Export Opportunities
- Predominant opportunities in the marine and wind power sectors.
- Indian companies gaining traction as European companies seek alternatives to China.
- Potential to ramp up this business to approximately Rs. 150 crores within the next 2 years.
Market Size
- Domestic European market size for laminations exceeds 400,000 to 500,000 tonnes per annum.
- Exact volume sourced from China not disclosed.
- Key segments in the European market include automotive, railways, and electric vehicles (EVs).
- Both Indian and Chinese competitors are actively targeting the European market, seeking to provide laminations for various applications.
Current Market Share
- Estimated to be approximately 10% of the total Indian market for electrical-motor and generator-related laminations.
- Anticipating an increase to around 15% after the completion of CAPEX.
- Total steel consumption for electrical-motor and generator-related laminations in India is around 700,000 metric tons.
- Company’s consumption accounts for about 70,000 tonnes, or roughly 10% of the market.
Current Market Dynamics
- Laminations are utilized across a wide range of applications in Europe, from off-the-shelf motors to specialized industrial components.
- Established European brands like CG Power and Bharat Bijlee are presently comfortable importing laminations.
Company’s Strength
- The company specializes in traction motor railways and industrial/commercial motors, which are not widely imported into Europe at present.
- Initial inroads have been made in power generation and marine applications within the European market.
Competition and Scale
- Multiple lamination manufacturers in India are vying for a share of the European market, with differences primarily in terms of scale.
- Smaller manufacturers often focus on serving smaller customers and specialized applications, including special-purpose motors and renewables.
Growth Strategy
- The company is strategically expanding its focus to encompass smaller industrial consumer applications within Europe.

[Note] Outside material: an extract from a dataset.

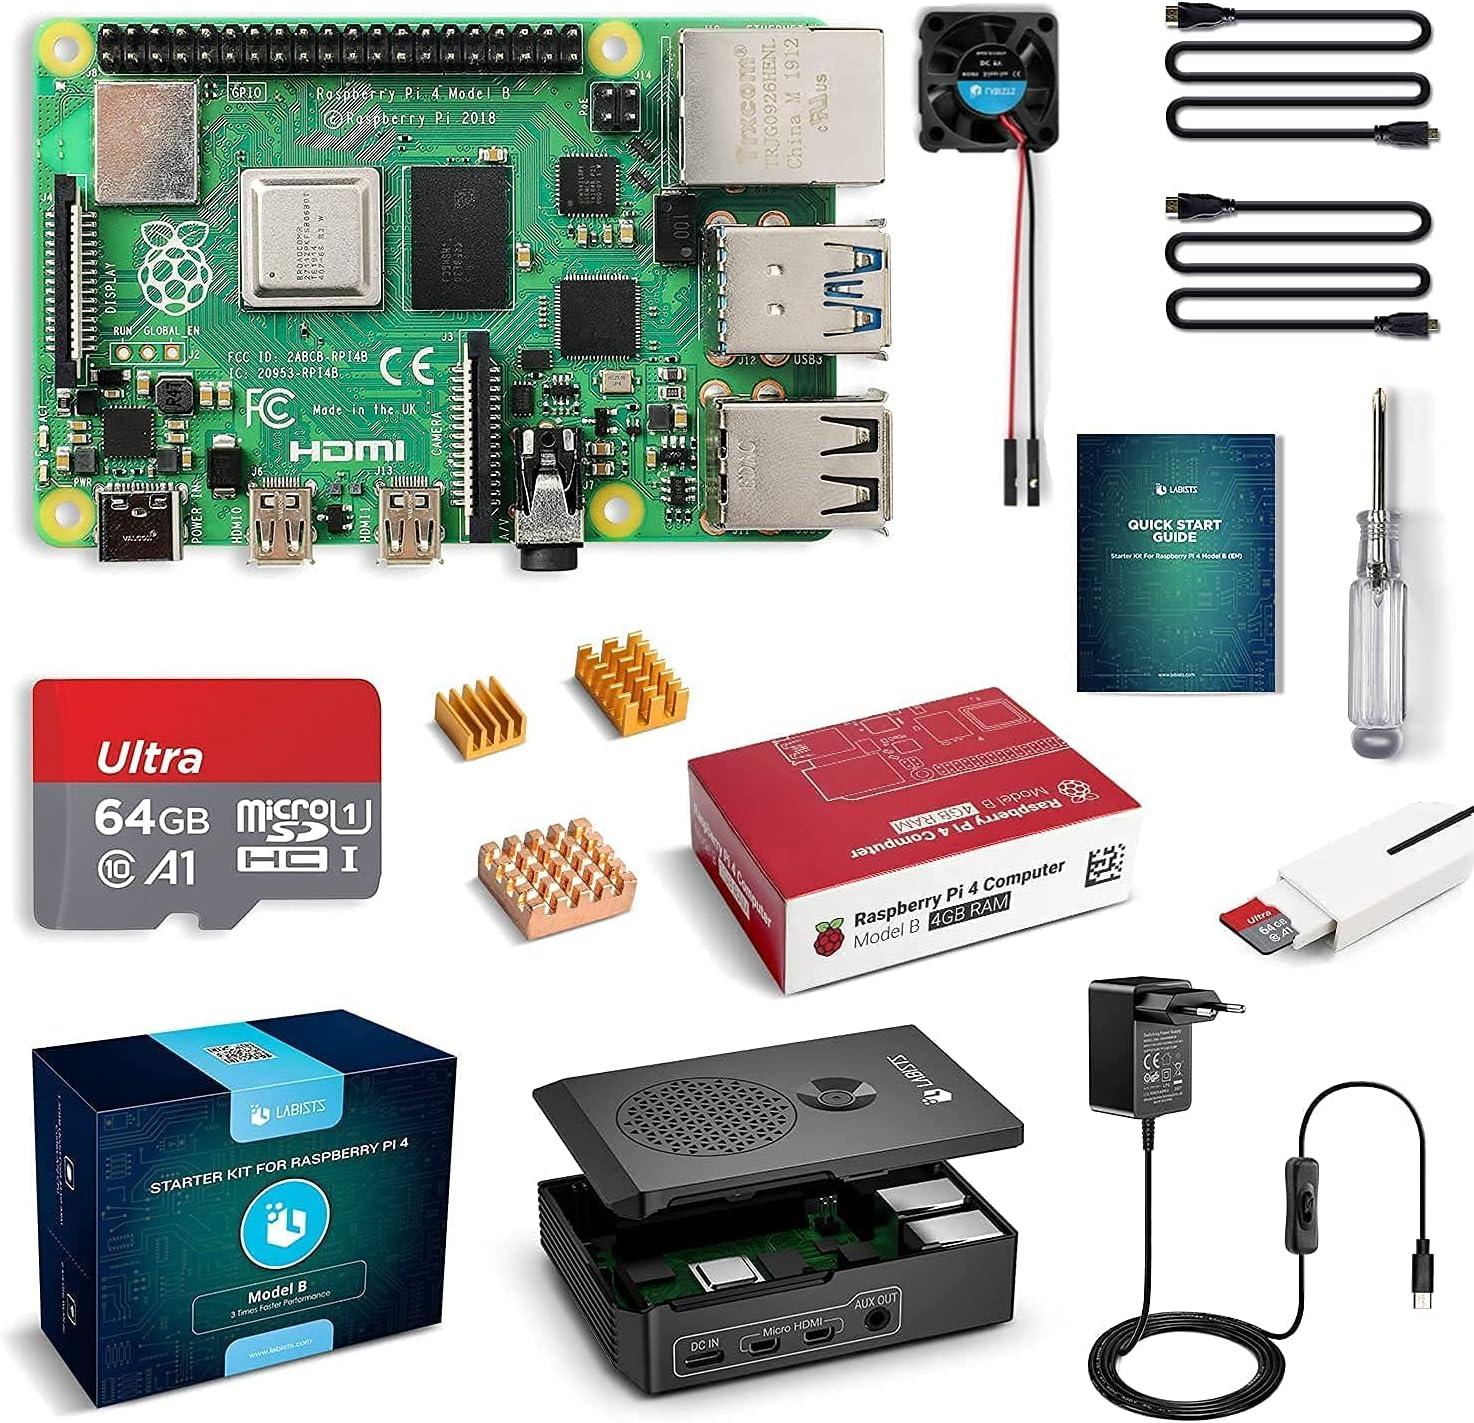 Raspberry Pi 4 4GB RAM con Tarjeta SD de 64GB Precargada con Raspberry Pi OS, Cable 5V 3A con On/Off, 2 Micro HDMI, 3 Disipadores de Calor, Ventilador, Caja Negra y Lector de Tarjetas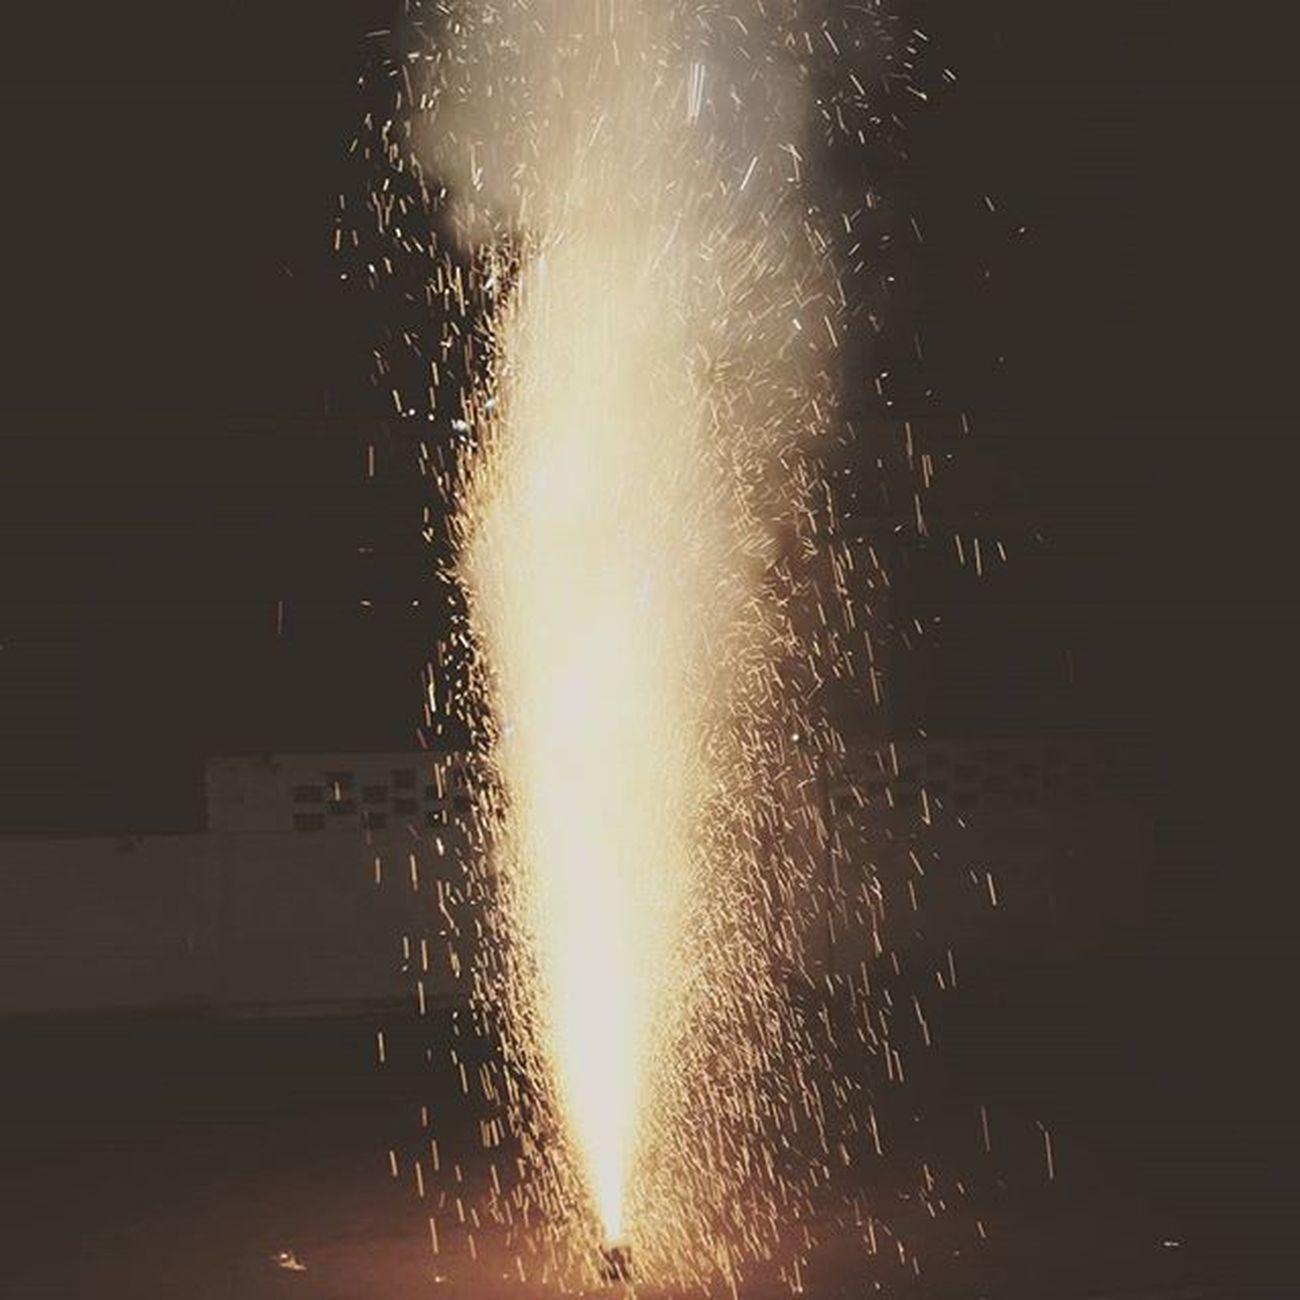 ex diwali Crackers Hdrphotography Photographyislifee Anaar Diwali2015 DSLR

- Recent opportunities within the European market have yielded higher EBITDA (Earnings Before Interest, Taxes, Depreciation, and Amortization) per tonne compared to the company’s overall average.
- The company aims to further extend its presence within the European industrial/commercial laminations market, capitalizing on the growing demand.
Value Addition
- Current opportunities in Europe involve highly assembled components that incorporate shaft integration and various other machining processes, leading to an elevated EBITDA per tonne.
- EBITDA per tonne for these opportunities surpasses the company’s average.
- As the company expands into the industrial/commercial laminations market in Europe, it anticipates maintaining a favorable EBITDA per tonne relative to the Indian equivalent.